That the path to mass adoption of hardware acceleration isn’t paved with free chips. The only way to bridge the huge divide with developers is to show your commitment to the developer experience.
Pattern matching matters
Having worked on dozens of AI applications and reviewed many times more architectures during my career, I’ve found that every single one has been “hardware-constrained” in one way or another. They either did benefit or could have benefited from hardware acceleration.
Through those fifteen-odd years, I have seen just three successful team-building patterns:
The “Mastermind” pattern — Find one or two people who are 10x performance engineers. Ideally, they’ve built your application at least once before and are already familiar with both the algorithms and target hardware. The mastermind’s key skill is in the art of tuning the software to get every last drop of performance out of the hardware.
The “Hardware-first” pattern — Set the hardware target at the start of the project and only hire people that are experienced with it. Enshrine the performance requirements and demand performance compliance on every git push.
The “Algorithms-first” pattern — Use the availability of scientific papers and open source codes to derisk the application’s accuracy requirements. Worry about the rest later.
I’ve written about the “Mastermind” pattern elsewhere, and Deep divides flirts with it a bit:
…. hire people that seem (sic) the complexity of the [acceleration] problem in all of its forms … that understand [acceleration] and what it means from the developer point of view. It’s no small undertaking to offload the right bits of a workload to the right device and it can take a year or more to establish that on a new architecture.
‘Deep divides between AI chip startups, developers’ — TheNextPlatform
If an application venture can find a “mastermind” — big if — this teaming pattern can be effective until the business needs to scale. Unfortunately, for all the reasons that Deep divides covers, there simply isn’t enough godmode to go around these days. Consequently this teaming pattern is relatively rare in the wild.
Adopting the “hardware-first” strategy works for application ventures that already have capital and/or plenty of firmware engineers in-house. Can those same engineers learn ML? Probably, but while individual hardware engineers can be agile, hardware-focused organizations tend to be fatally sluggish around AI. Incubating an everything-on-the-device culture creates fundamental rate limits in the R&D process. Consider: While data scientists employed by “algorithms-first” ventures are training and testing hundreds of models a day in the cloud, “hardware-first” engineers are bottlenecked by the clock speed of the one or two devices on their desk.
“Algorithms-first” ventures typically seed where a business case and a line to novel data intersect. These organizations blossom in the relative availability of academic ML papers and open source codes. ML-savvy data scientists are generally among the first, more junior hires. Because of that early inertia, the modus operandi is to focus on derisking accuracy requirements above all else.

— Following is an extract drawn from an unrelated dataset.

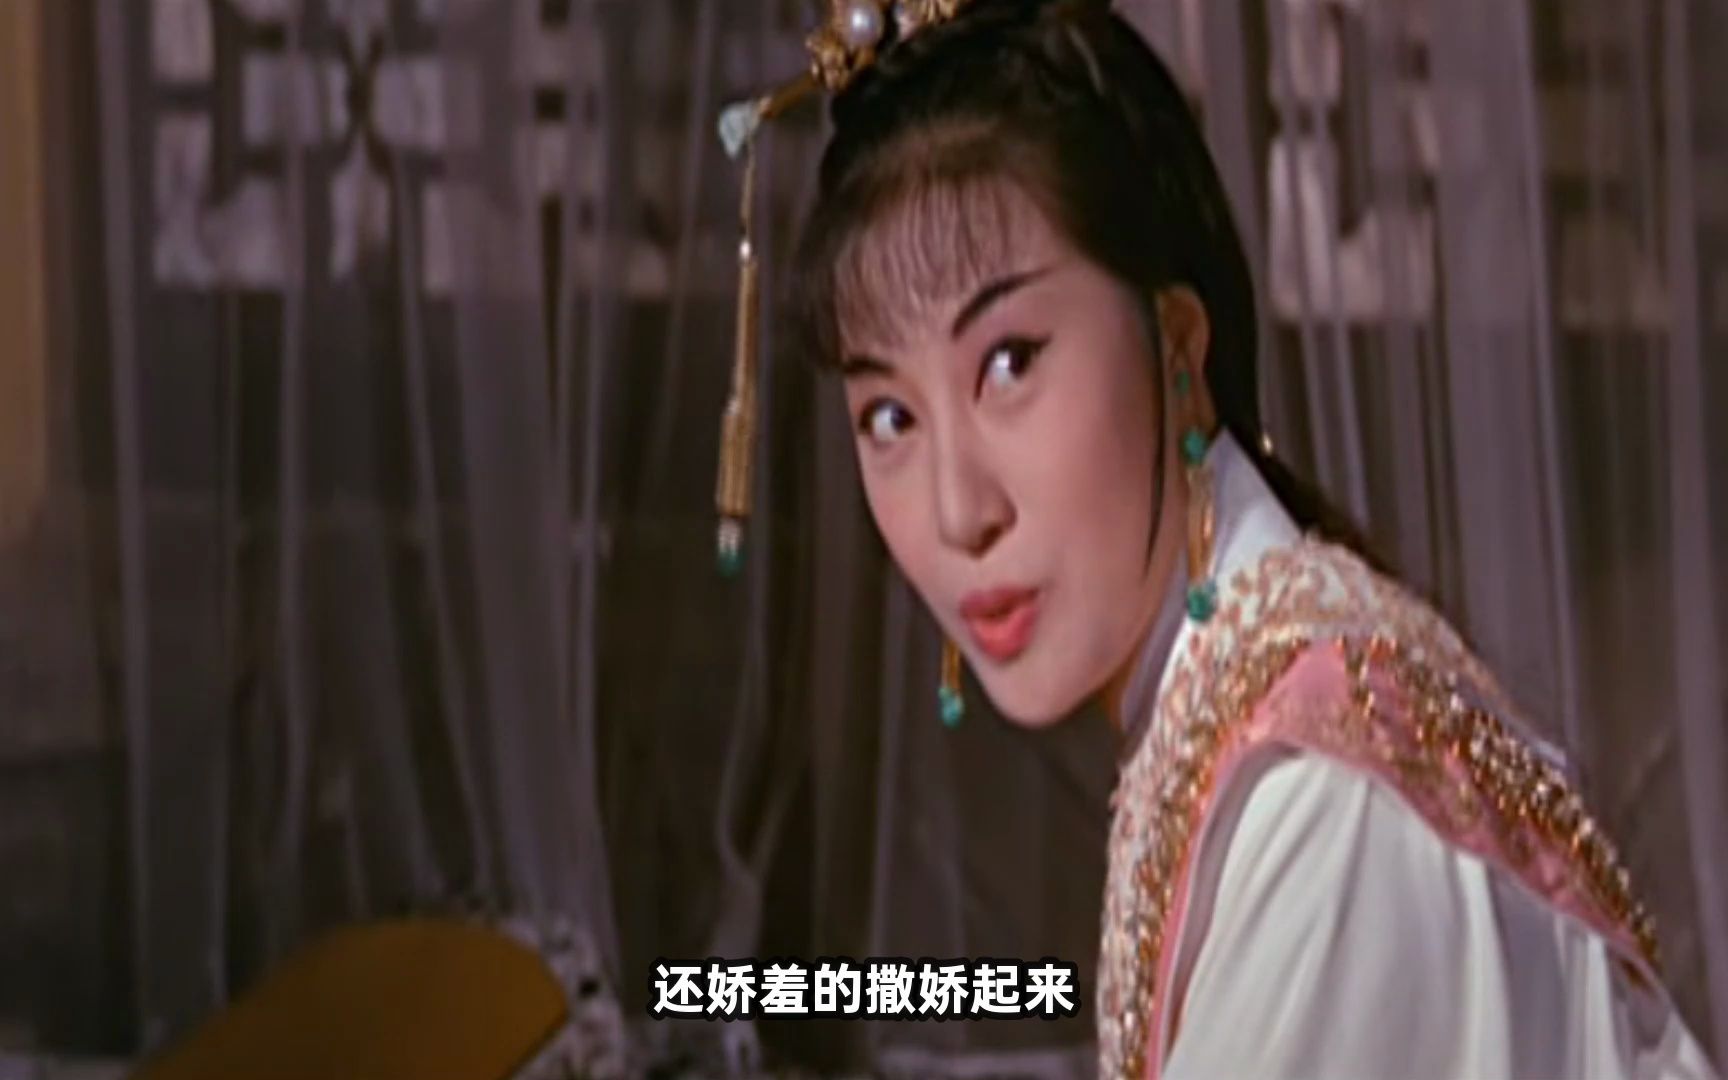 1966年邵氏版西游记 铁扇公主太撩人 郑佩佩饰演白骨精你看过吗
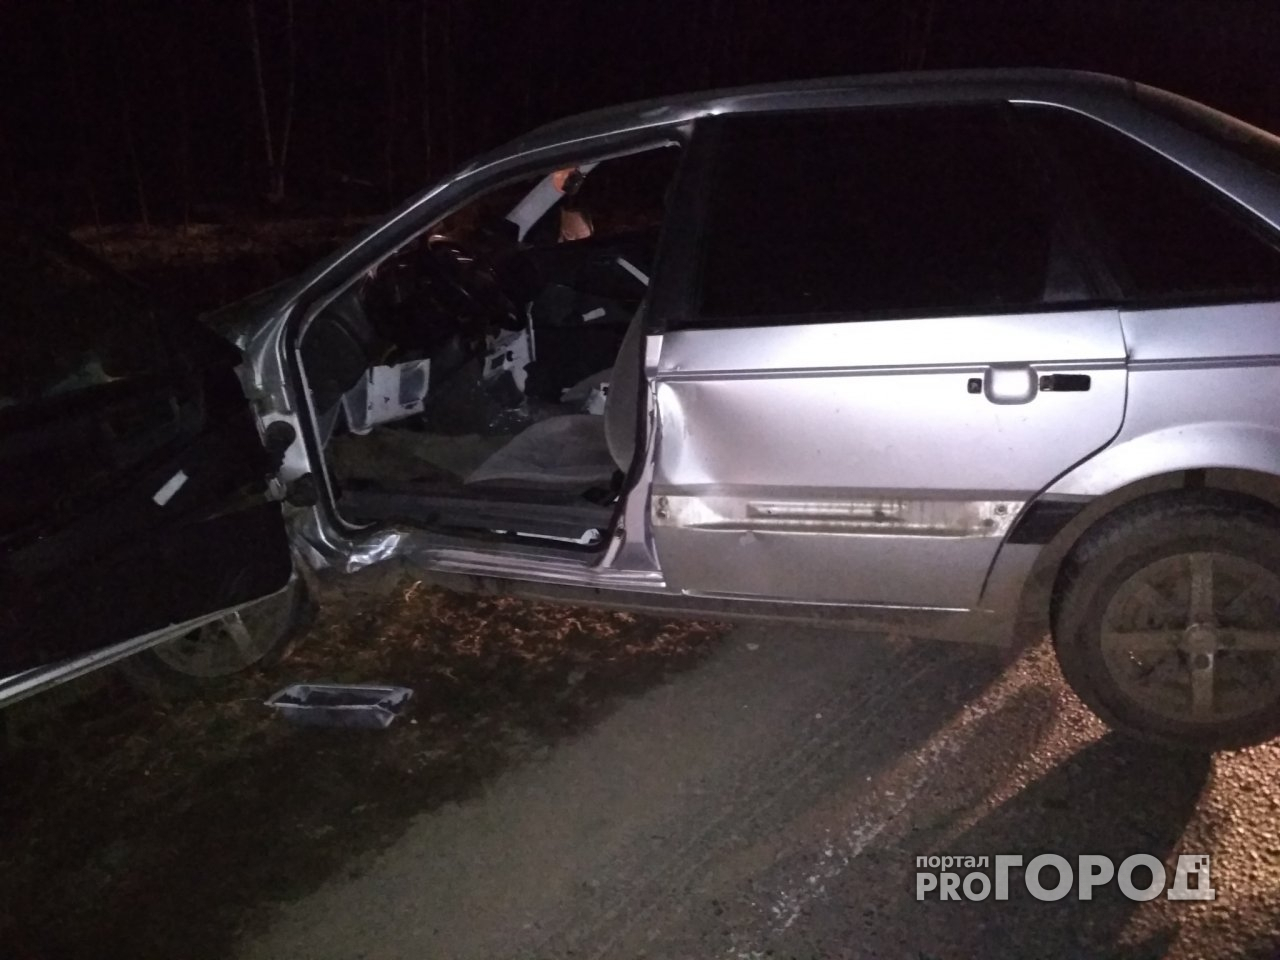 Появились фото с места ДТП в Кировской области, где погибли пятеро человек

Who is the hardware acceleration customer here? There simply aren’t enough masterminds out there to build a business around. The hardware-first customer is a good one, but they may know you too well; you will face competition from in-house teams and your technology is unlikely to transform their business. That leaves the algorithms crowd. It’s universally understood by software folks that swapping in new hardware is the cheapest way to improve application performance. But is using your technology as turnkey as upgrading from an i5 to an i7? Unlikely. So how do you make the sale?
The developer experience
Deep divides tells us about a mastermind, circa 2009, who needs a sample chip and twelve months to determine whether or not your hardware acceleration technology is useful. If that sounds painful to you, imagine how it sounds to your developer customer.
The culture of software development has changed dramatically in the last decade, and the focus on 2019 is squarely on speed and agility. Thanks to the cloud, software engineers — especially those that are data-facing — are now organized around the idea of hardware as an abstraction. This is doubly true for algorithms-first ventures. When an algorithms-first developer gets excited about hardware acceleration, the last thing you want them to have to do is leave that comfy bubble of abstraction. Let me spell it out for you:
Dear hardware acceleration vendor, your go-to-market strategy must turn your technology into the Wheaties that your opportunity customer eats for breakfast, namely software and data. — the author
But before I do the big reveal here and give away all my best tactics for becoming developer Wheaties, let me assure you of the following: developers are NOT going to talk to you. When targeting the developer market, the burden of proof is on the vendor. Don’t expect your customers to give you feedback about your technology until the day they can pick it up and use it. Then, expect bug reports — lots of them. With that in mind….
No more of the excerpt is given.